By William Rex, Senior Advisor, IWMI
The first blog in this series ended by noting:
“The finite nature of water resources is a key driver of the need for improved water resource management but is relatively intuitive: scarce public goods require effective management. But there are other aspects of water resource management that become less intuitive, particularly in comparison to land, forestry, or other types of landscape management. The problem is that water moves, and actions at one time or place affect water in another. This is a problem that we will discuss in the next part of this blog.”
Imagine managing a forest and discovering that if someone cuts down their trees 1,000 km away, your trees disappear too. You’d either give up on your forest or decide that you need to not only focus on what you do with your trees, but how to cooperate with multiple other stakeholders in multiple other places. Welcome to the world of water resource management.
The fact that water moves is obvious, but the ramifications of this are worth exploring further. As a starting point, water is part of a huge system that is dispersed in terms of place but also in terms of time – it never stands still. And any attempt to manage it needs to take into account this simple fact – water needs to be managed as a system. Let’s unpack that:
- Water needs to be managed in river basins. Rainfall, snow, and other precipitation ends up flowing into rivers defined by a watershed, or into groundwater aquifers with their own boundaries. The watershed defines the boundaries of a surface hydrological system – a river basin – which is connected. Since water moves through this hydrological system, it generally makes sense to try and manage, or at the very least understand, the system as a whole, which is why hydrologists talk about river basin management (more on that later).
- Upstream actions have downstream ramifications. Increased water consumption upstream means less water downstream. Even if thousands of kilometers apart, and several months later. For example, significant expansion of forests or agriculture in one part of a basin impacts on power production at a downstream hydropower facility, or water availability for cities – or vice versa. This highlights the key risk of not managing water as a hydrological system – uncoordinated exploitation of water can create significant trade-offs or unanticipated consequences elsewhere in the system.
- Surface and groundwater are often linked. Significant changes to surface watersheds impact on groundwater (they may accelerate or reduce percolation of water from the surface to underground), and significant extraction of groundwater may reduce downstream surface water (because groundwater may emerge at the surface through springs or other flows). Since they are usually connected systems, the ‘conjunctive’ or coordinated management of surface and groundwater is important for sustainable management of water resources. However, they often don’t share the same boundaries, nor get managed by the same people, in either the same space or time.
- Land-use change = water resource change. Land use directly influences the amount of water retained in soil and vegetation. For example, the type of soil cover influences how rapidly water may be evaporated, while vegetation controls what may be intercepted or transpired back into the atmosphere, or what proportion of rainfall runs off into rivers, is retained as soil moisture, or percolates through to groundwater. Changes in land-use will therefore impact water availability in the basin, and the devil will be in the details.

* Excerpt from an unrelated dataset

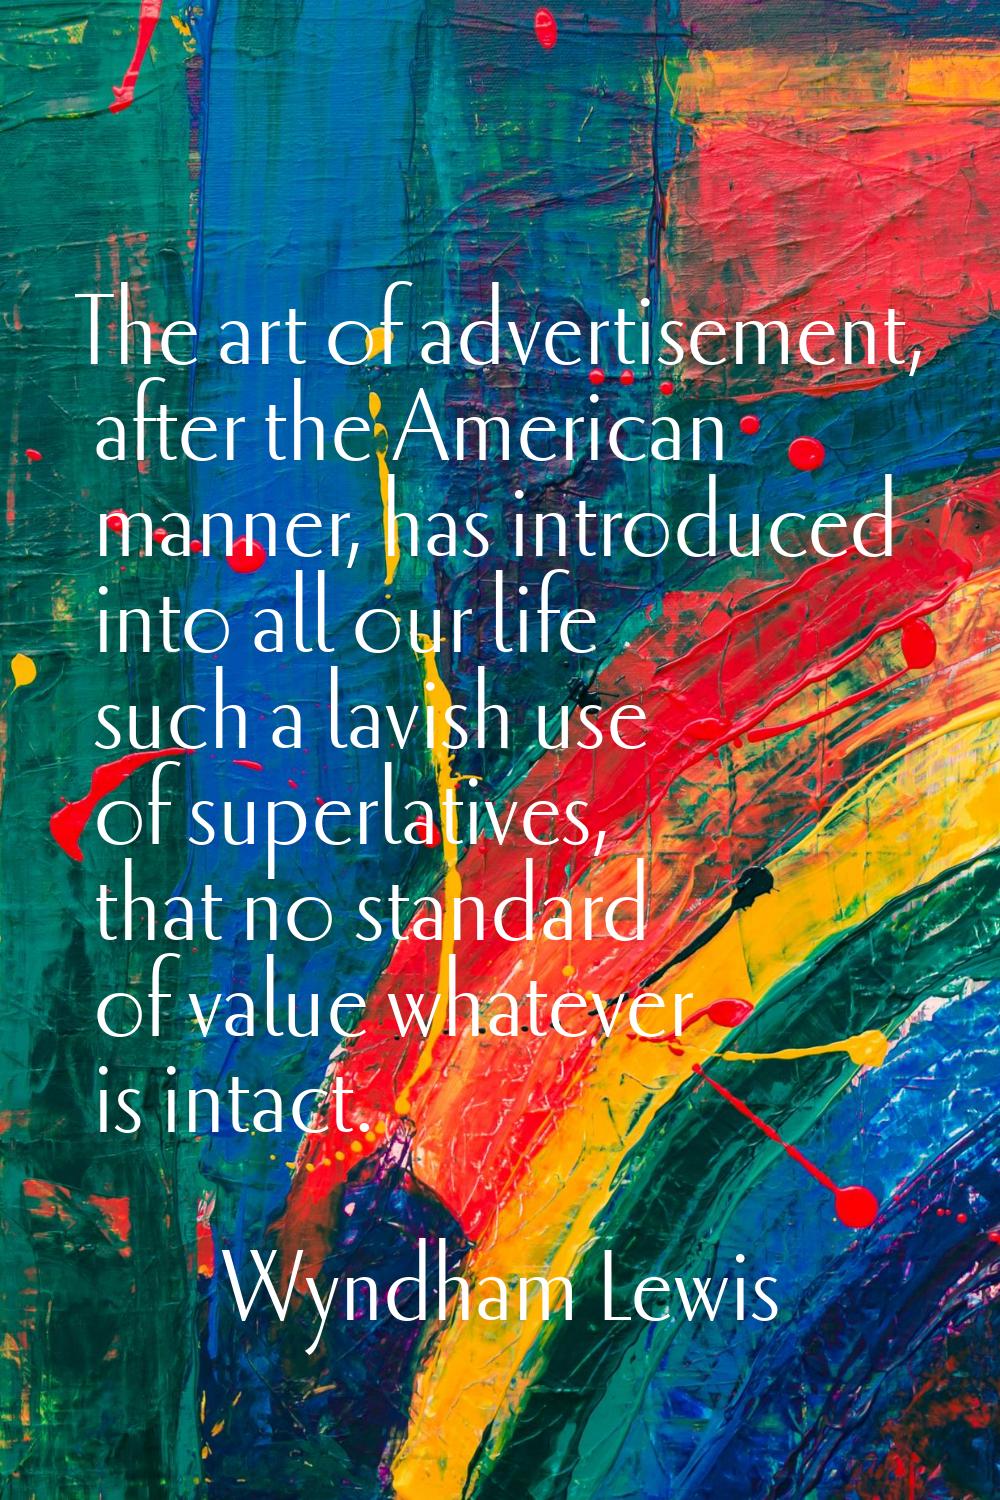 The art of advertisement, after the American manner, has introduced into all our life such a lavish

This means that, for example, land restoration measures are not always good for water management.
The fact that water moves creates one set of system challenges for water management, as outlined above. The fact that using water and consuming water are different creates additional system complications:
- Water use ≠ water consumption. Water used to irrigate crops, wash hands, generate hydropower, or cook food is ‘used’ – it may change quality, but it still exists in roughly the same place. Water transpired by plants or evaporated from lakes or reservoirs is ‘consumed’, in the sense that it (mostly) leaves that catchment or basin. The ramifications of this for water management are important.
- Increasing water efficiency or productivity can be a double-edged sword. Irrigation schemes or urban utilities that ‘lose’ water may be inefficient because they have paid to clean or transport water unnecessarily, but from a systems perspective that water is not lost – it has re-entered groundwater, river systems, etc. However, if rainfed or irrigated agriculture becomes more efficient or productive, they are effectively shifting from water use to water consumption, with potentially significant ramifications for local water. For this, and other reasons, the whole topic of agricultural water productivity is a lot more complicated than ‘more crop per drop’. For example, improving efficiency can also lead to increased water abstraction as agricultural systems intensify and land or crop intensities increase.
The point here is not that increasing water productivity or efficiency is bad – it may be just what is needed – but rather that it needs to be understood within a broader system context before one can be sure either way. And it particularly needs to be understood in relation to the last system element – water users.
- Water users manage water. The choices made by water users – households, farmers, industrialists, energy utilities, mayors, and so on – have significant impacts on the biophysical and productive systems described above. ‘System’ scale interventions may therefore have as much to do with incentives to change human behavior as they do with water infrastructure or water efficiency improvements.
From IWMI’s perspective the One CGIAR emphasis on the need to manage agriculture, land and water as ‘integrated systems’ is exactly right. Water has to be managed as a system, and cannot be effectively managed separately from land, or from its major uses or users, of which agriculture is by far the biggest. The challenge of how to do this – the peculiarities of water governance – is addressed in the next blog in this series.